This time it was a little different.
She was standing in the dirty little corridor outside the manager’s office, just along from the restrooms, waiting for her money. There was a single bare lightbulb and the walls were gloss red with lots of little white patches where notices had been ripped off and the paint had come away with the tape. The only one left said Private, Keep Out on which some great wit had inserted the word Parts after Private and, for those who didn’t get it, scrawled an obscene illustration beneath.
At the other end of the corridor, she could see the smoky red glow of the bar where the jukebox, as usual, had been commandeered by the heavy-metal freaks. They always played it so loud she’d had to learn how to lip-read to take people’s orders. When her shift ended, it was normally at least an hour before her ears stopped ringing.
It was after midnight and she had already been waiting five minutes. Behind the locked door, Jerry the manager, all two hundred and fifty disgusting pounds of him, was counting out the tips while at the same time talking on the phone to one of his crass friends. Which was presumably why it was taking so long. Multitasking was not among his gifts.
“Far out,” he was saying. “Okay, you got it, big man. I gotta go. Yeah. Later.”
The door was being unlocked now and as it swung open she saw Jerry, propelling himself on the casters of his chair back to the desk where the money stood divided into five little stacks among a decaying clutter of old burgers and pizza and coffee cups and God only knew what lived among them. The office, like everything else at Billy Z’s, including the kitchens, was a health hazard. Who Billy Z was or might have been Abbie had no idea. Maybe he ate something off the menu and died. Or survived, which was why he was famous.
“Hey, Becky, sorry about that.”
Abbie just nodded. He picked up one of the stacks of bills and handed it to her. Abbie counted it.

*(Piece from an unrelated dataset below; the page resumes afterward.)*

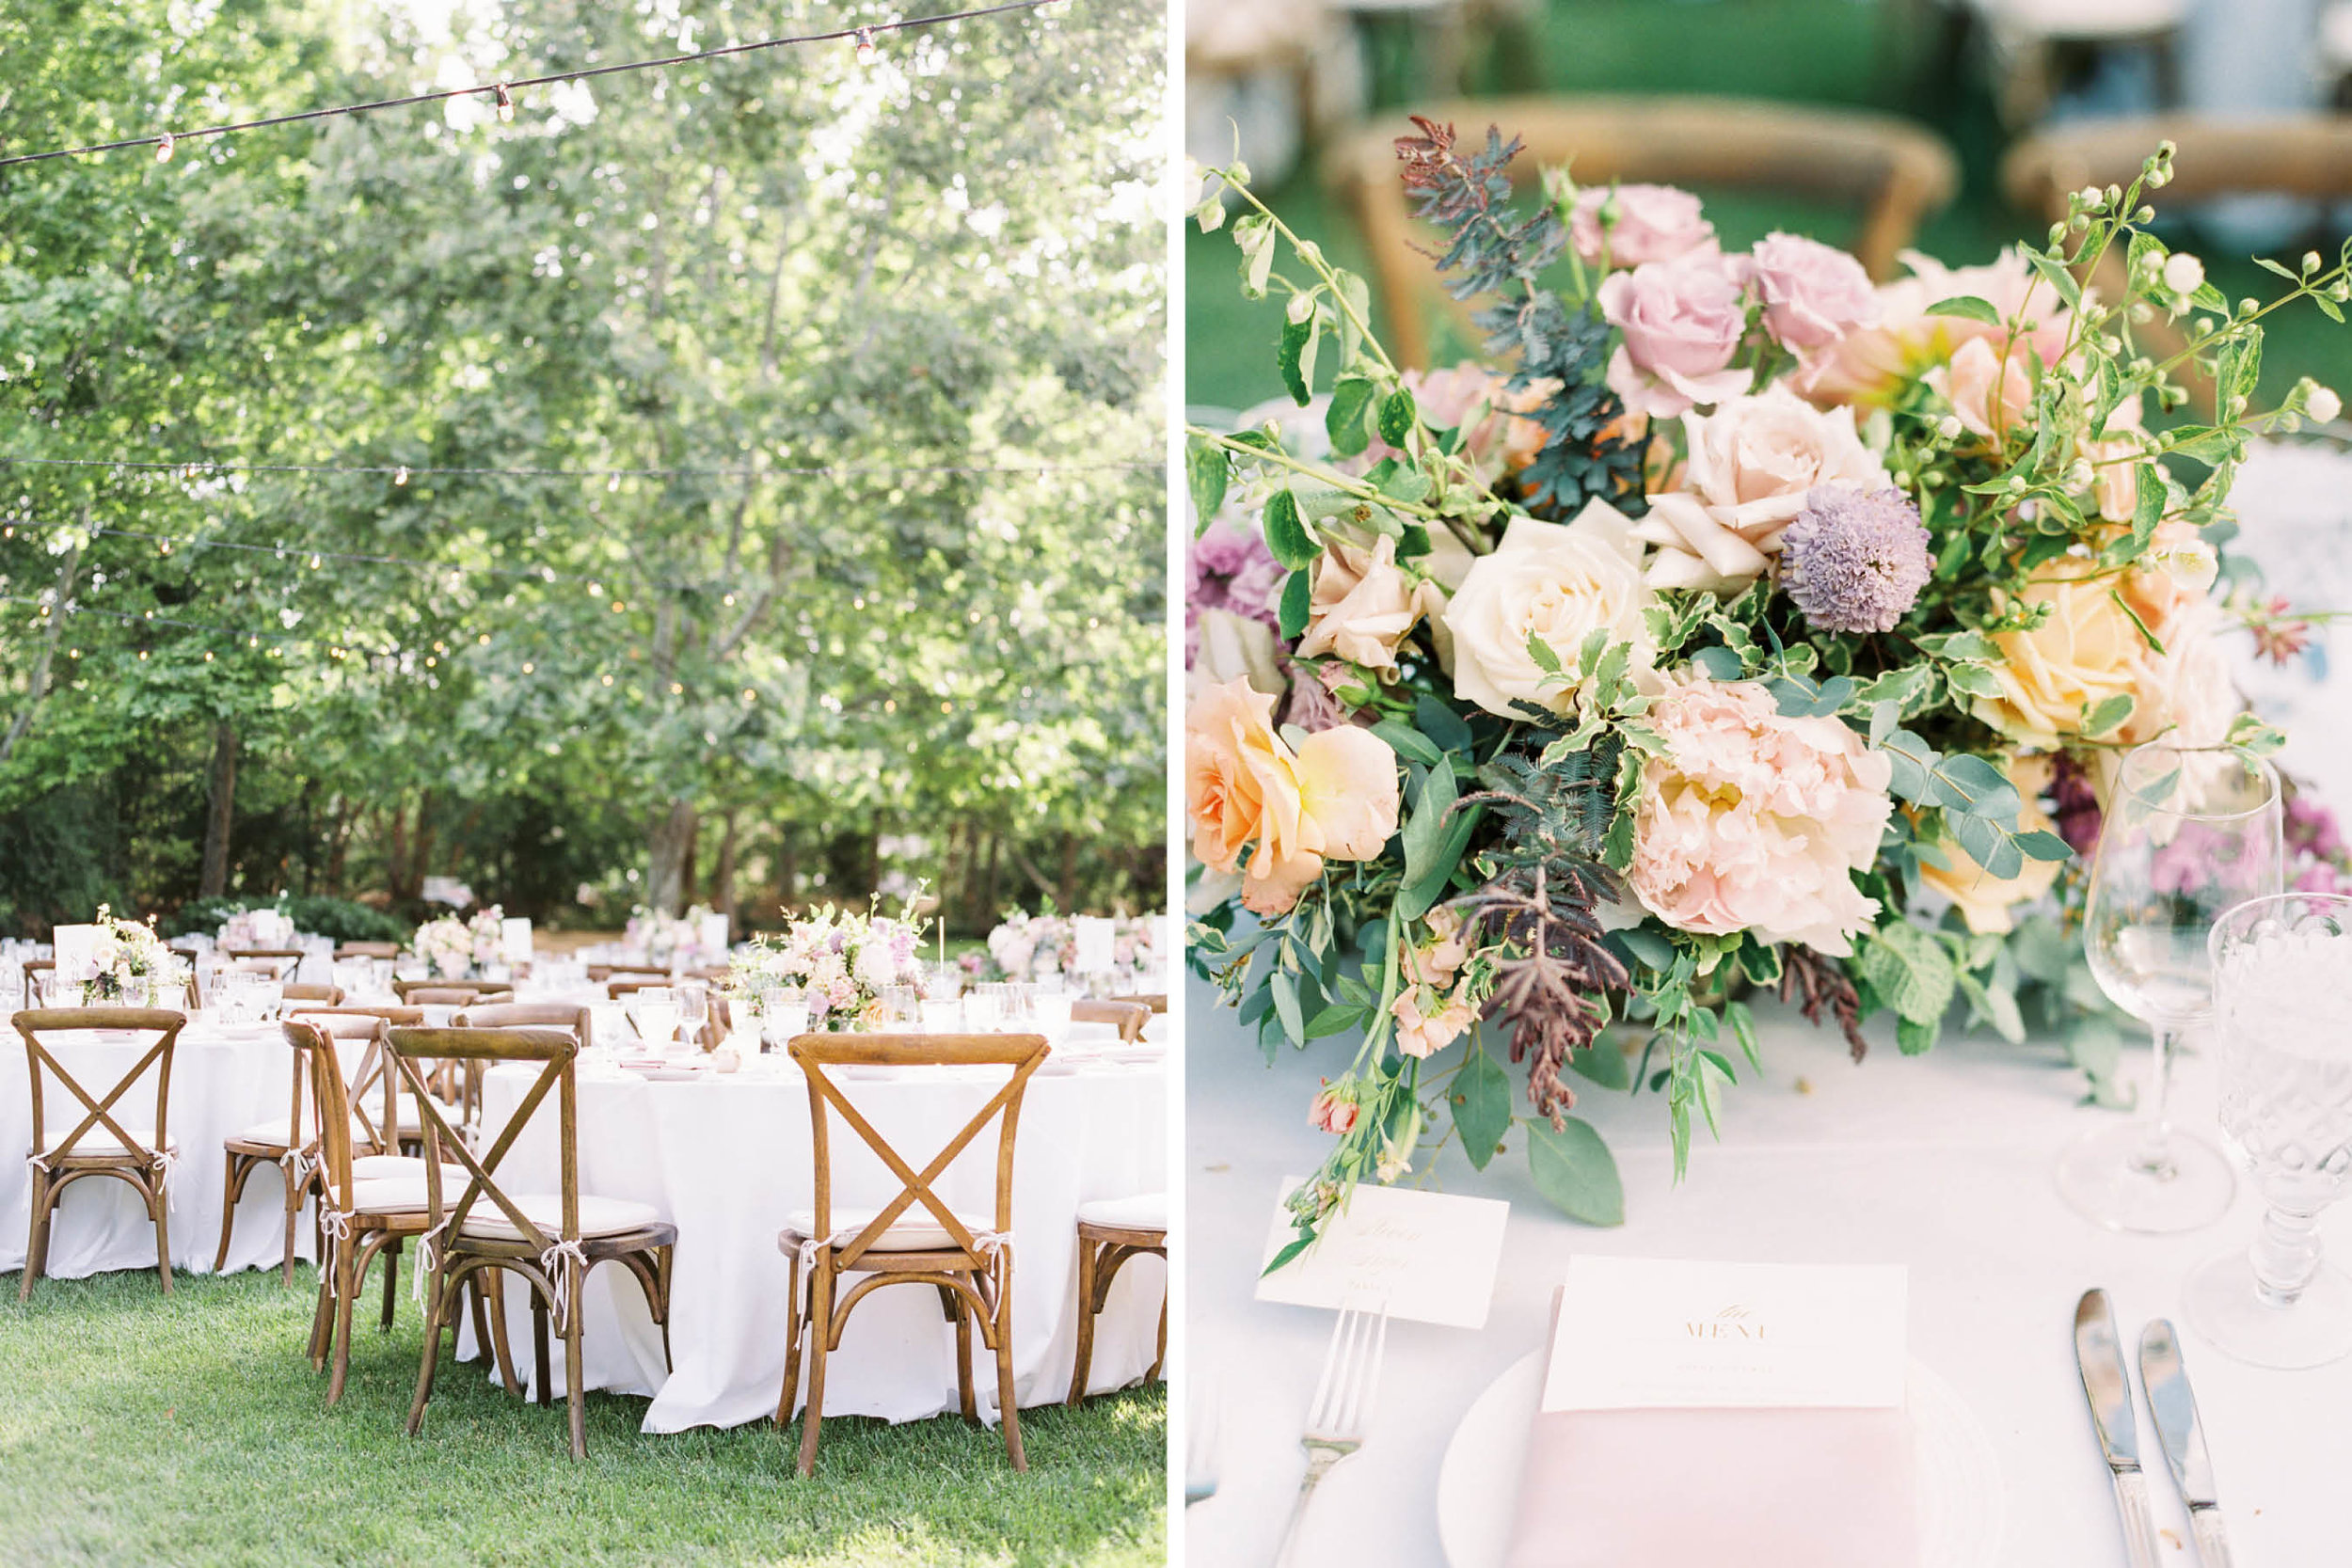 alegria-by-design-wedding-planner-planning-event-design-santa-barbara-day-of-coordinator-kestrel-park-santa-ynez-fields-castle-lavender-garden-mrs-box (39).jpg

“There’s only eighteen dollars here.”
He took a bite of the burger and shrugged.
“It’s been quiet.”
She wasn’t going to argue. She stuffed the money into her coat pocket and turned to go.
“You okay?”
“What?”
“You don’t say a whole lot.”
“So? I don’t get paid to.”
“Hey, chill, babe. Whatever.”
She wanted to throw something at him but instead just gave him a look and turned and walked out.
“Love you too!” he called after her.
The fat jerk had kept her waiting so long that she missed her bus back to Oakland. She ran down the hill but it was already pulling away up onto the freeway, so she sat on the wall and lit a cigarette and waited for the next. Apart from the traffic up on the freeway, the only sign of life was a black cat, sitting on the sidewalk across the road, outside the salvage yard with its stacked towers of flattened cars. He was grooming himself at the edge of a pool of cold light cast by a solitary streetlamp. Every so often he would freeze and fix his yellow eyes on Abbie for a few moments, then nonchalantly go back to licking his paws.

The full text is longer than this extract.